На стол аккуратно укладывались кипы разнообразных «форм», справок и анкет.

Степан Витальевич хищно хватал их, бегло просматривал и, швырнув на стол, сообщал взволнованному, напряжённому от ожидания ответа слуги народа, посетителю:

— Не наблюдаю формы №29, а также заявления на имя начальника управления. Фотографии где?

Посетитель бледнел лицом, после чего, отчаянно робея, бормотал:

— Ну как же… Мне же сказали, что тут полный пакет документов… А фотографии, они вот…

И тянул руки к бумагам, чтобы услужливо показать то, чего не заметил слуга народа.

Степан Витальевич багровел, жестом останавливал посетителя и, еле сдерживая букет эмоций – от презрения до гнева – вопрошал:

— Вы издеваетесь надо мной?

— Нет, что вы… Я… Просто мне сказали...

— Кто сказал?

— Юлия Сергеевна из соседнего кабинета, у которой я, собственно…

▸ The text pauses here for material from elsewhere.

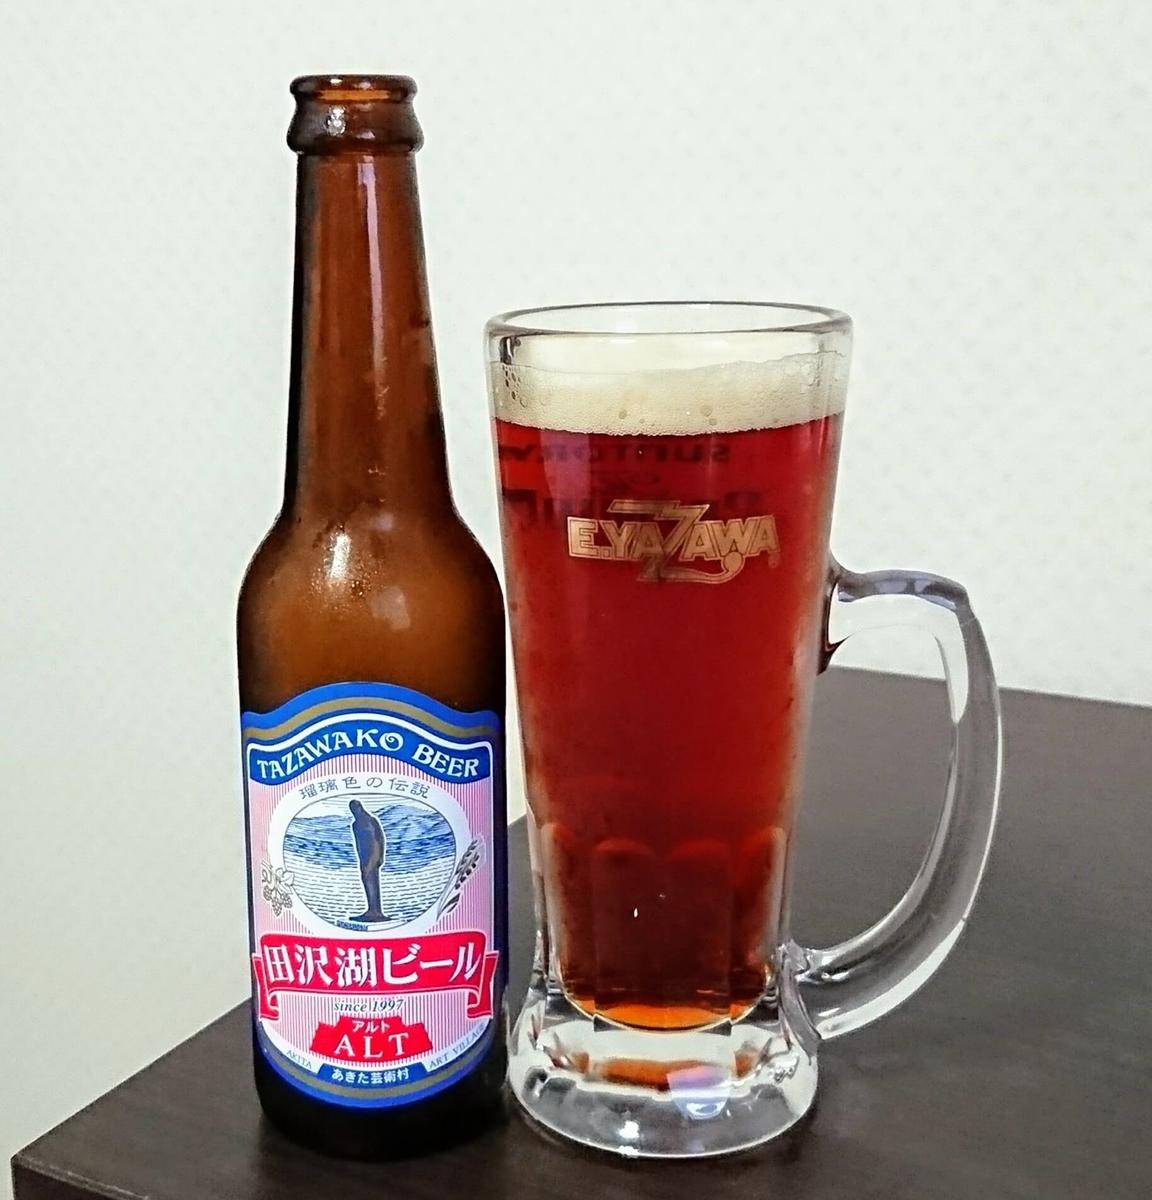 田沢湖ビール アルトの感想・評価:これはもう宝石。飲む宝石だ。

Степан Витальевич хватал папку и, смотря на стол, протягивал её посетителю со словами:

— Вот пускай Юлия Сергеевна вам и оформляет.

— Степан Витальевич… — канючил посетитель, — Ну как же так, ну мне очень надо…

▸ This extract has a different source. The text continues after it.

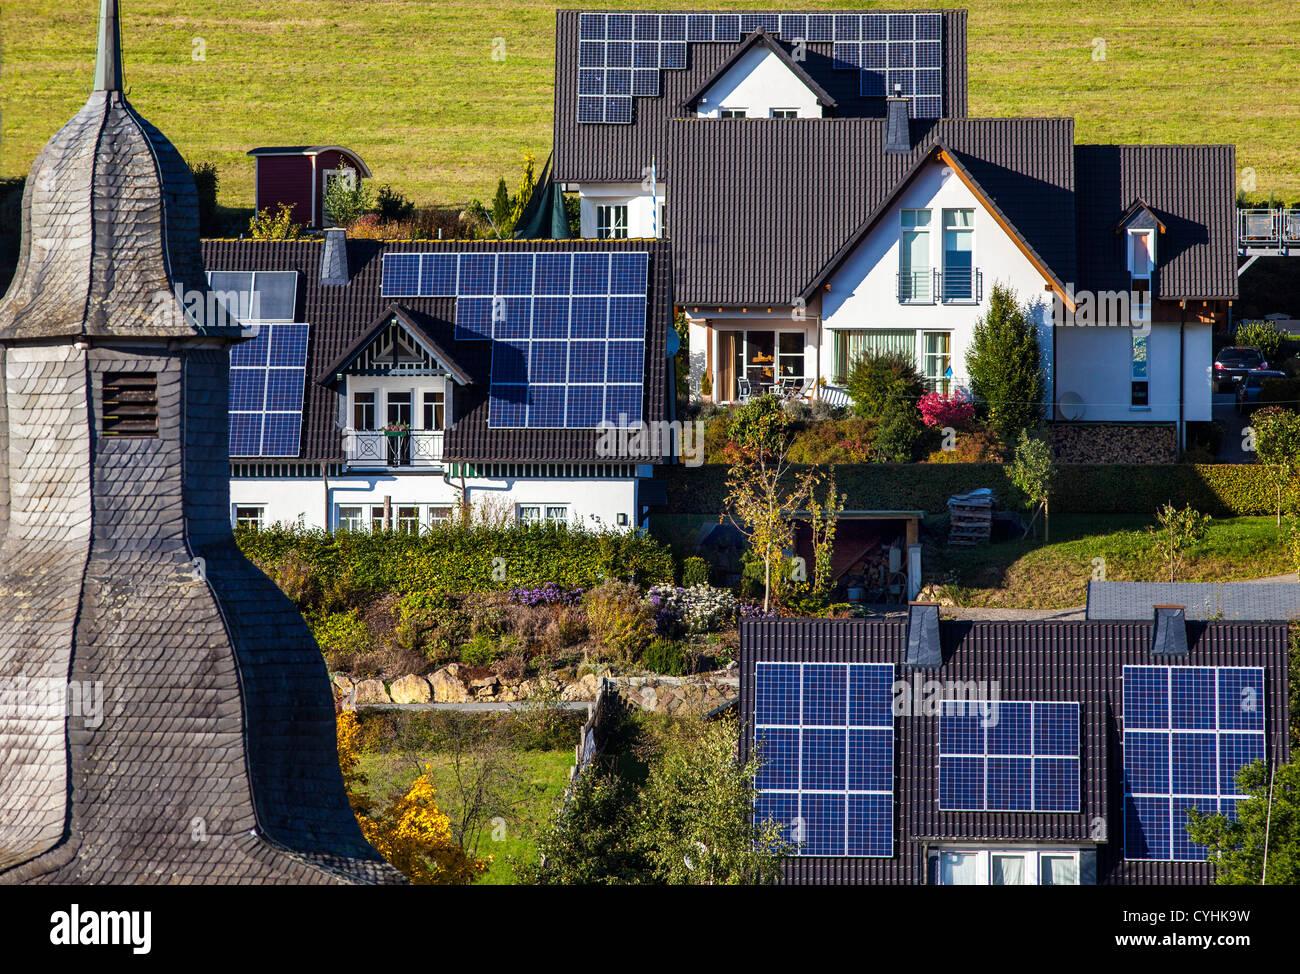 Paneles solares en el techo de sus casas. Energía solar térmica. Imagen De Stock

— Вам всем – надо! – перебивал слуга народа.

— Я понимаю, просто в двести тридцать пятом кабинете мне сказали — вот Юлия Сергеевна и сказала — что эту форму упразднили, а фотографии имеются, они в файлике, вы просто не заметили… Давайте я покажу вам…

— Уважаемый, — с укором произносил Степан Витальевич – вы у меня вообще-то не один. Люди, знаете ли, ждут. Всего доброго. Приходите с заполненной формой.

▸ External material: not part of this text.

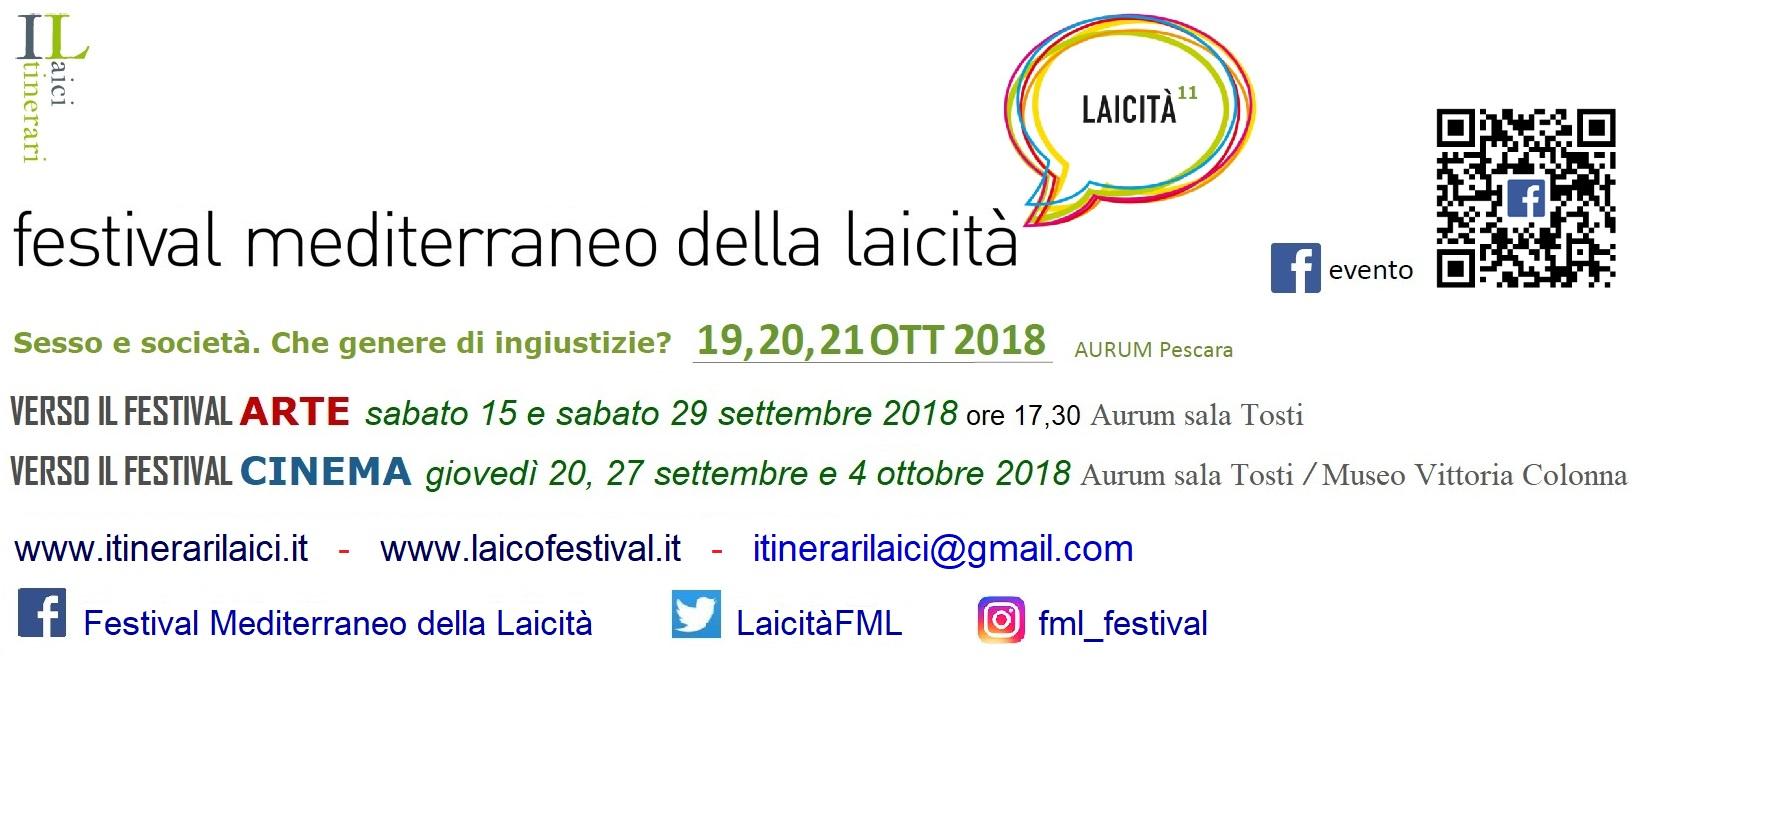 Al via la XI edizione del Festival mediterraneo della laicità

— Ну так не нужна же форма-то! – не выдерживал посетитель.

— Вы, гражданин, на меня голос не повышайте, — щуря маленькие глазки, терпеливо, но строго говорил Степан Витальевич. – Я вам не жена.

— Простите…

— Формочку нужную принесёте – документы у вас приму, не принесёте – не приму.

Тут посетитель, утомлённый многочасовым торчанием в очереди и раздосадованный впустую потраченным отгулом за свой счёт, начинал соображать в нужном Степану Витальевичу направлении.

— Мне бы ускорить процесс оформления документов, Степан Витальич… Может можно как-то обойтись без этой формы-то? Ну, раз она не обязательна-то? Может я вам, так сказать, поспособствую? Ну, отблагодарю вас, так сказать, за понимание и содействие? Вы документы принимаете, а я вам в конвертике благодарность оставляю под столиком. Будьте уверены – не обижу. Мне бы по-быстренькому, нужно уж очень… Войдите, так сказать, в положение…

Степан Витальевич тёр пальцами лоб, жалея, что не может продемонстрировать плебею свои изысканные перстни, а после сурово спрашивал:

— Вы что же – взятку мне предлагаете?

— Что вы! — восклицал посетитель, подскакивая со стула. – Нет, конечно! Просто благодарность! За содействие, так сказать…

— Уфф… — пыхтел слуга народа и зависал в раздумье, давая возможность себя поуговаривать.

— Вы не думайте, я всё понимаю, видеокамеры, все дела, я умело, комар носа не подточит — раз под стол конвертик – и всё. А вы глянете, что там, и потом, когда я уйду – заберёте.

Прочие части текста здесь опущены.